:: WORK TO COMPLETE ::
Restate the data below word for word. Leave the images out.

:: INFORMATION PROVIDED ::
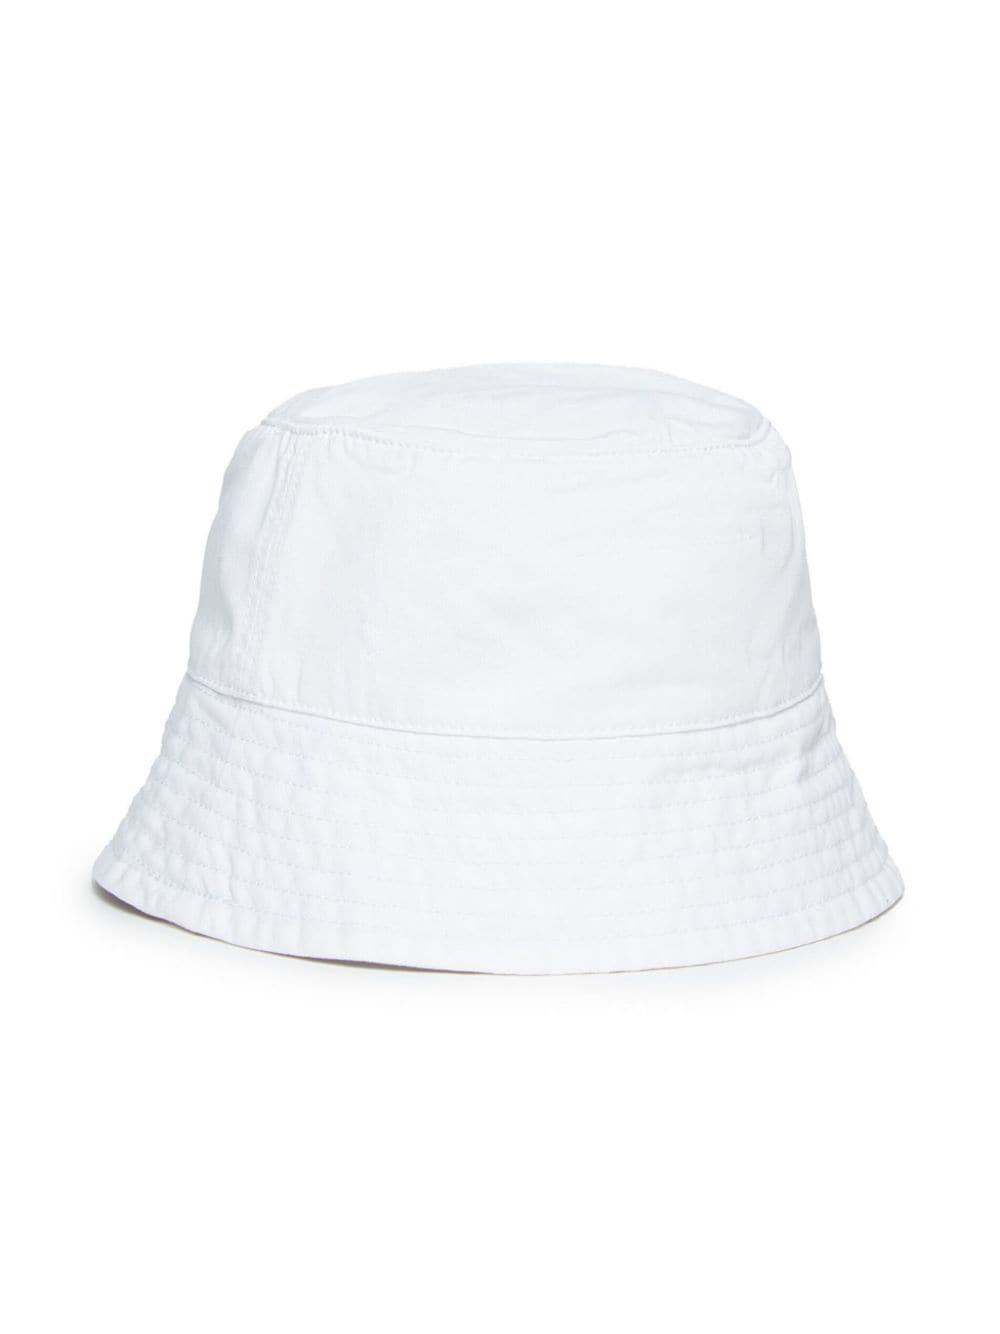 Cappello bianco per bambina con logo
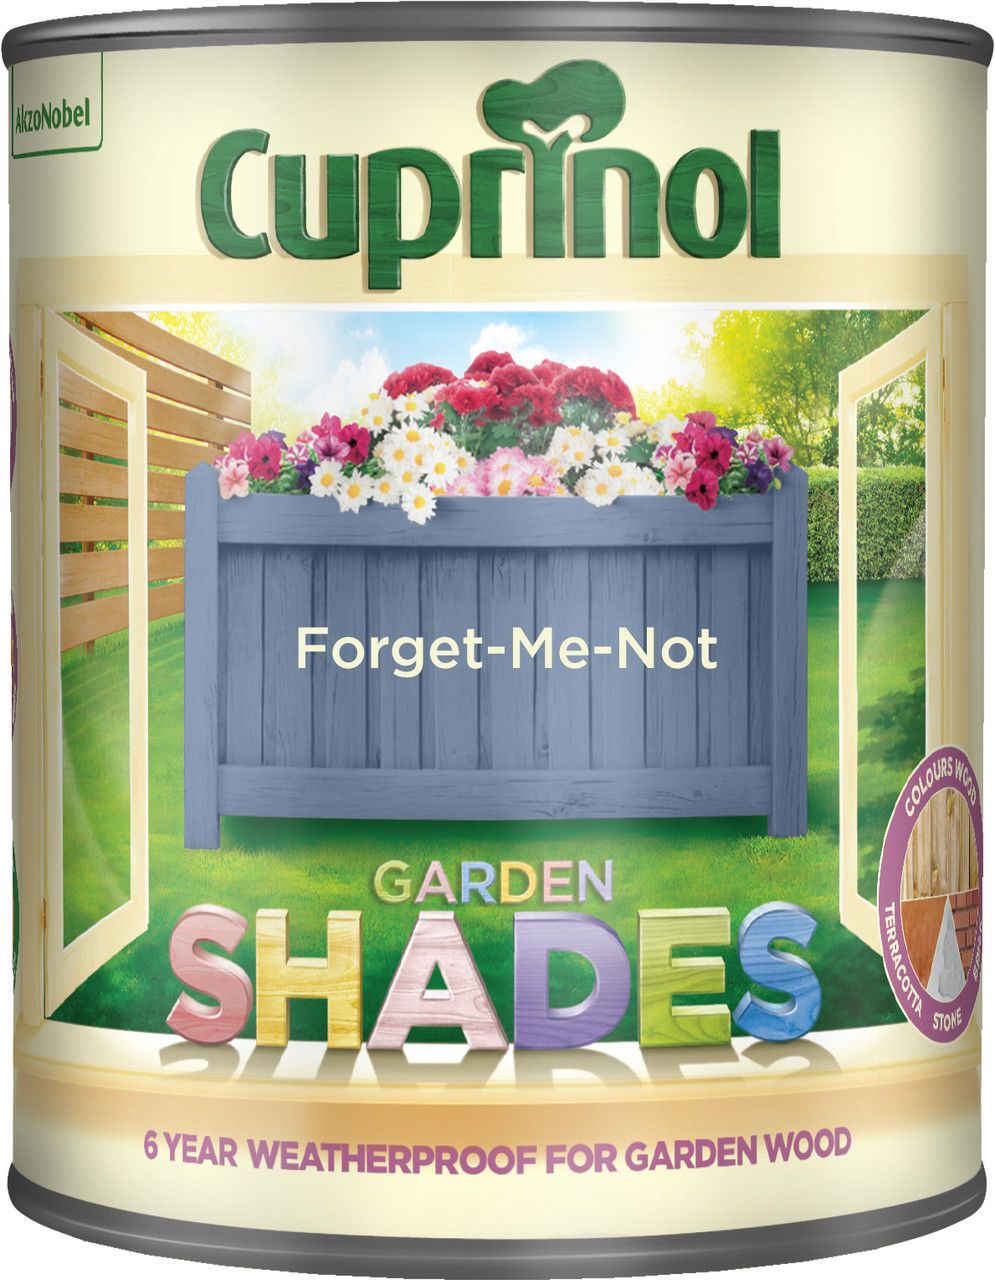 Cuprinol-Garden-Shades-Exterior-Woodcare-Forget-Me-Not-1L
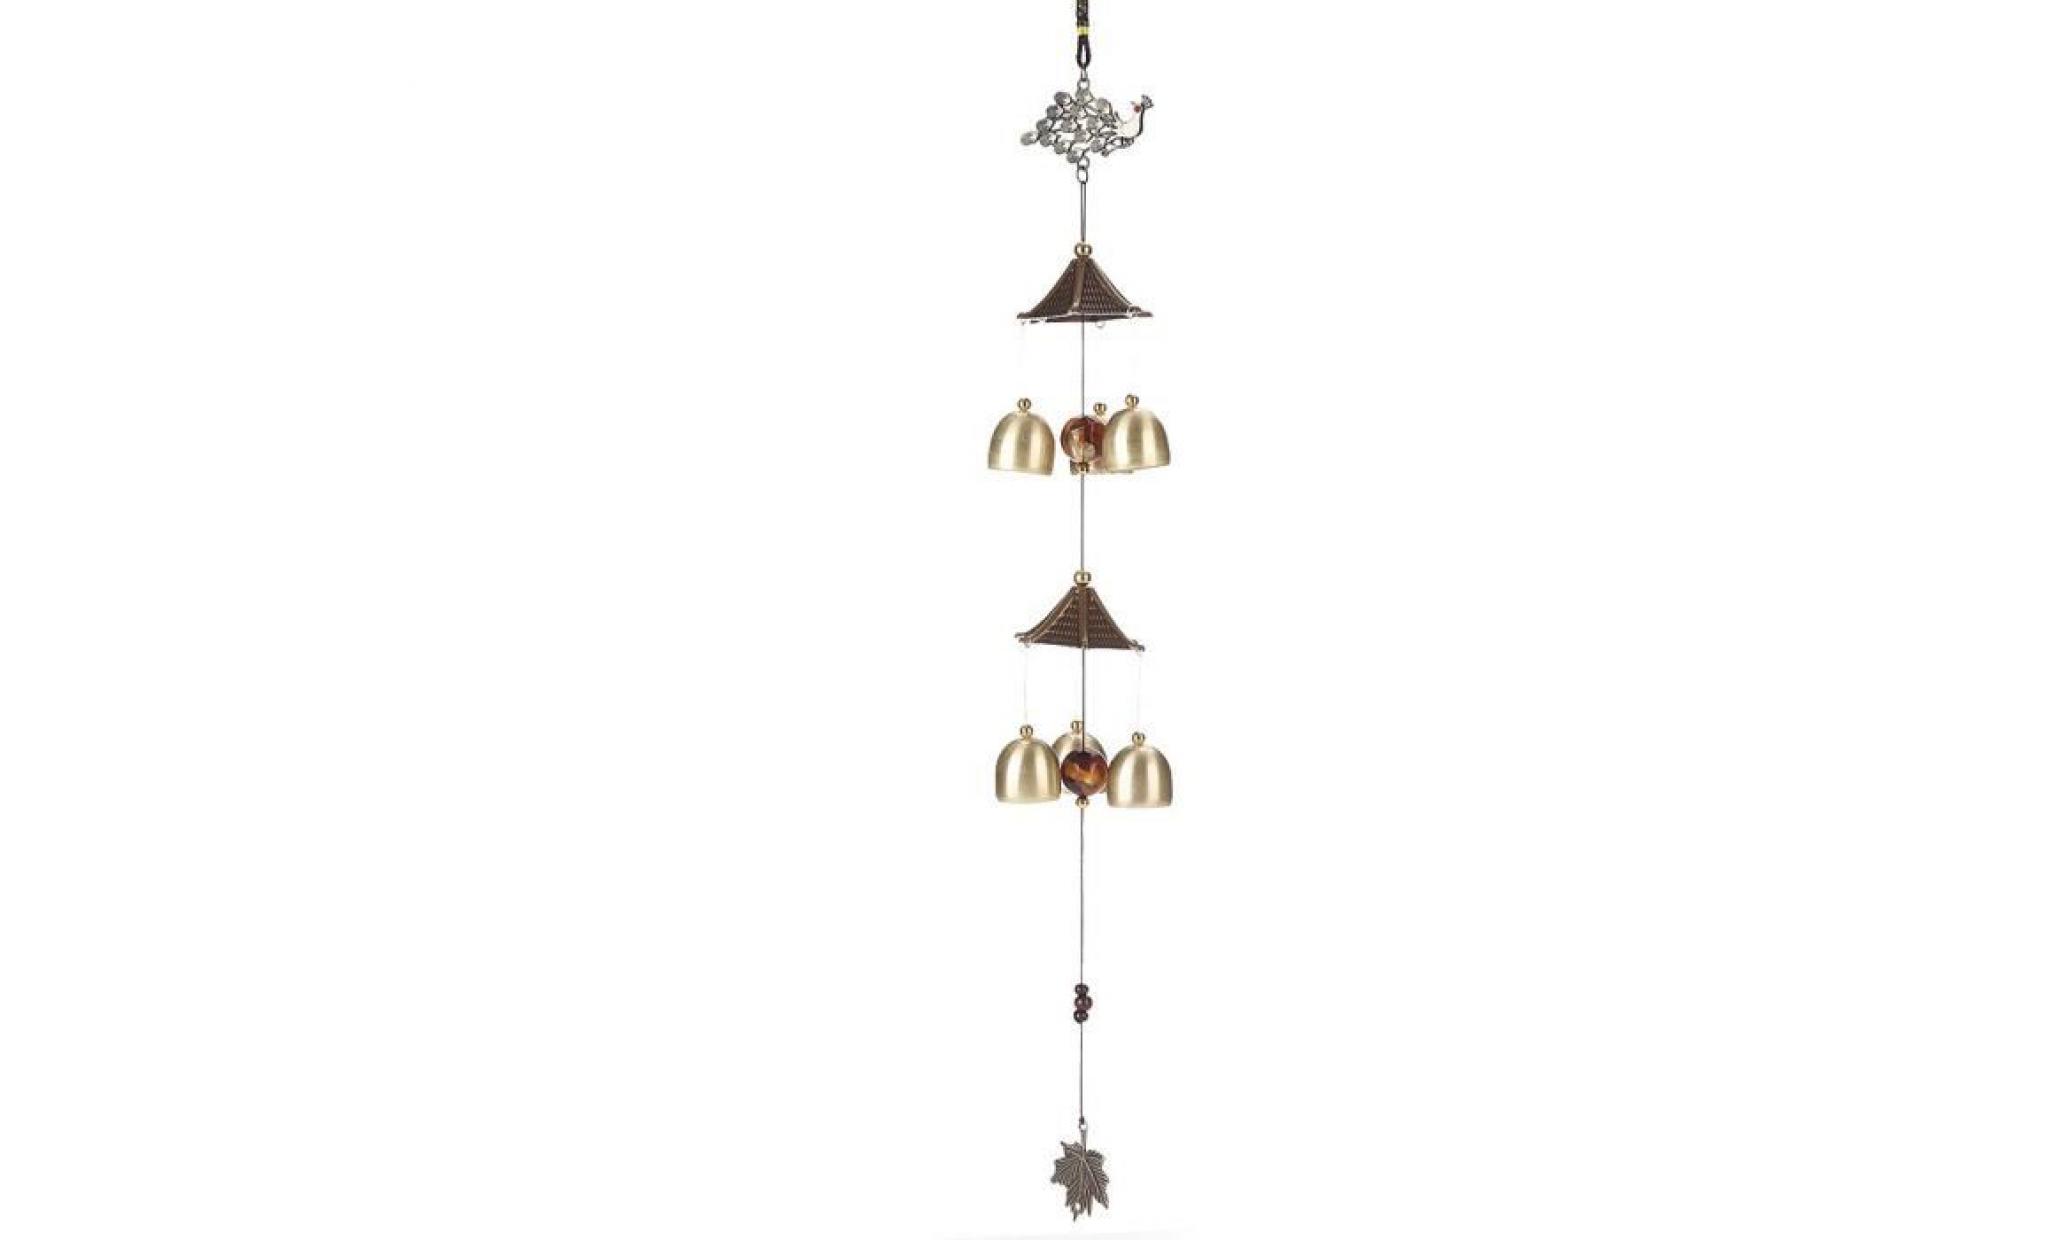 amazing carillon grace collection grand son couleur bronze cloches vent carillons   cff70326401e

:: TASK RESULT ::
 Cappello bianco per bambina con logo
 Cuprinol-Garden-Shades-Exterior-Woodcare-Forget-Me-Not-1L
 amazing carillon grace collection grand son couleur bronze cloches vent carillons   cff70326401e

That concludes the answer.